To sum up, the round function is made of four operations, as depicted on Fig. 1: first, the 64-bit left part is extended by the expansion function defined by G, then the round-key is added. This is followed by the Sbox application (14 parallel applications of S) and finally the state is compressed back to 64 bits, and is XORed to the right part of the internal state.

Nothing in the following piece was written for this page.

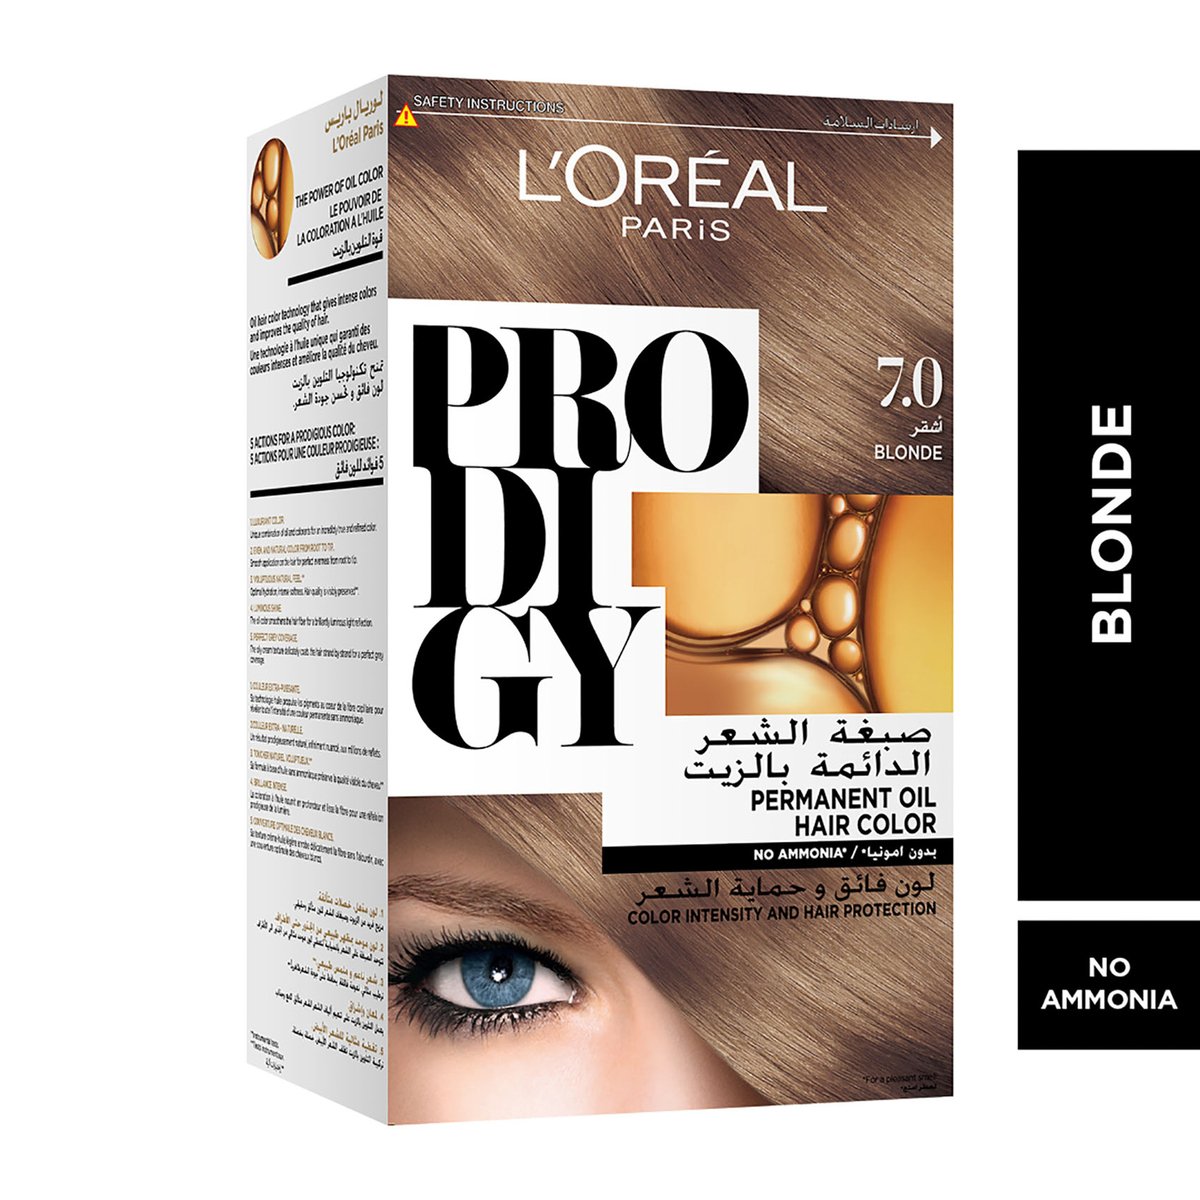 L'Oreal Paris Prodigy Hair Color 7.0 Blonde 1 pkt

PICARO encryption routine is made of 12 iterations of this round function.

Fig. 1.
figure 1figure 1

One round of PICARO block cipher.

2.2 Key-Schedule

The previous algorithm requires twelve \(112\)-bit subkeys that are derived from the 128-bit master key K. The designers wanted a simple and efficient key-schedule, together with resistance to the two main attacks exploiting the key-schedule, namely related-key attacks [1] and slide attacks [3]. In addition to that, Piret et al. looked for round-keys that could be computed on the fly, i.e. for which the computation of the subkey of round i can be done from the knowledge of the subkey at round \((i-1)\) (or from the knowledge of the subkey at round \((i+1)\), in decryption mode).

Their analysis has resulted in a linear key-schedule composed of rotations, bitwise additions and truncations. Namely, K denotes the \(128\)-bit master key and \(K^{(1)},K^{(2)},K^{(3)} \text {and}~K^{(4)}\) are the four 32-bit chunks composing K: \(K=(K^{(1)},K^{(2)},K^{(3)},K^{(4)})\). Let \(T : {(GF(2)^{32})}^4 \rightarrow {(GF(2)^{32})}^4 \) be the linear transformation defined as follows:

\(\begin{pmatrix} T(K)^{(1)} \\ T(K)^{(2)} \\ T(K)^{(3)} \\ T(K)^{(4)} \end{pmatrix}\) = \(\begin{pmatrix} 0&{}1&{}1&{}1 \\ 1&{}0&{}1&{}1 \\ 1&{}1&{}0&{}1 \\ 1&{}1&{}1&{}0 \end{pmatrix}\) \(\times \) \(\begin{pmatrix} K^{(1)} \\ K^{(2)} \\ K^{(3)} \\ K^{(4)} \end{pmatrix}\)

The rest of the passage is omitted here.